Further, that God has no form distinguishes him not just from us but also from other gods: “there is no other besides him” (Deut 4:35). Other gods look just like us or like animals. They are really representations of creation. But God alone has no form—because he is, as Jesus says, “Spirit (John 4:24) or as Paul says, “invisible” (Rom 1:20) and one “who dwells in unapproachable light, whom no one has ever seen or can see” (1 Tim 6:16).

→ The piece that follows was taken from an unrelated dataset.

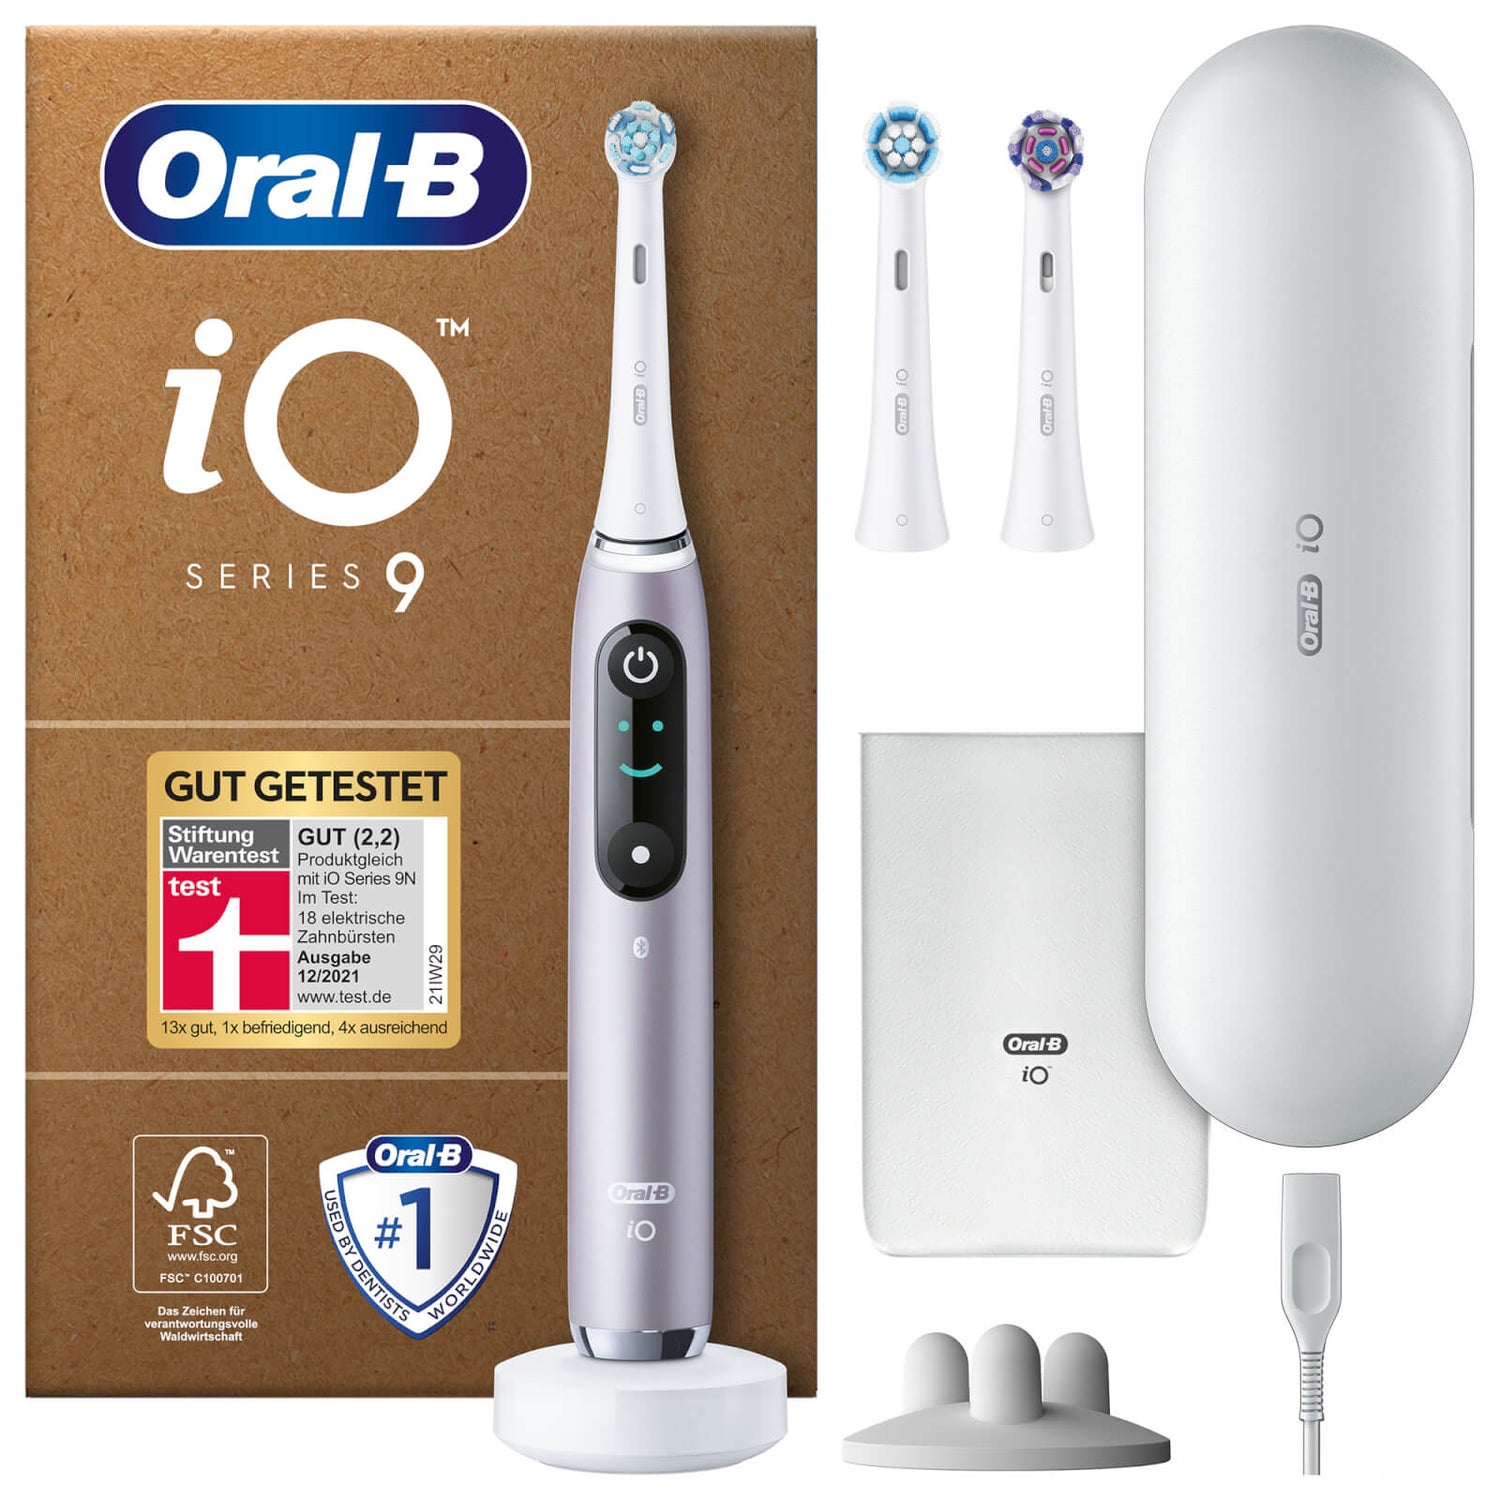 Oral-B iO Series 9 Plus Edition Elektrische Zahnbürste, Lade-Reiseetui, recycelbare Verpackung, Rose Quartz

If God has no human body, then he cannot suffer exactly like we do. He has no hand to burn on the stove, no cancer to pain his body, and no lack of sleep to exacerbate mental illness. He simply is incapable of bodily ills. Has no body after all. That affirmation grounds the reality that God is impassible—he lacks human passions that the body mediates through hunger, tiredness, hormones, and much more besides.
Anthropology
By now, it may be obvious what it means for God to impassible. It means, at a basic level, that he has no human body. Today, this notion may mean very little to us, but to make this claim 2,000 years ago meant quite a bit. It meant, in the language of Ignatius, that humans were mortal, visible, passible. He knew what it meant and so did his audience.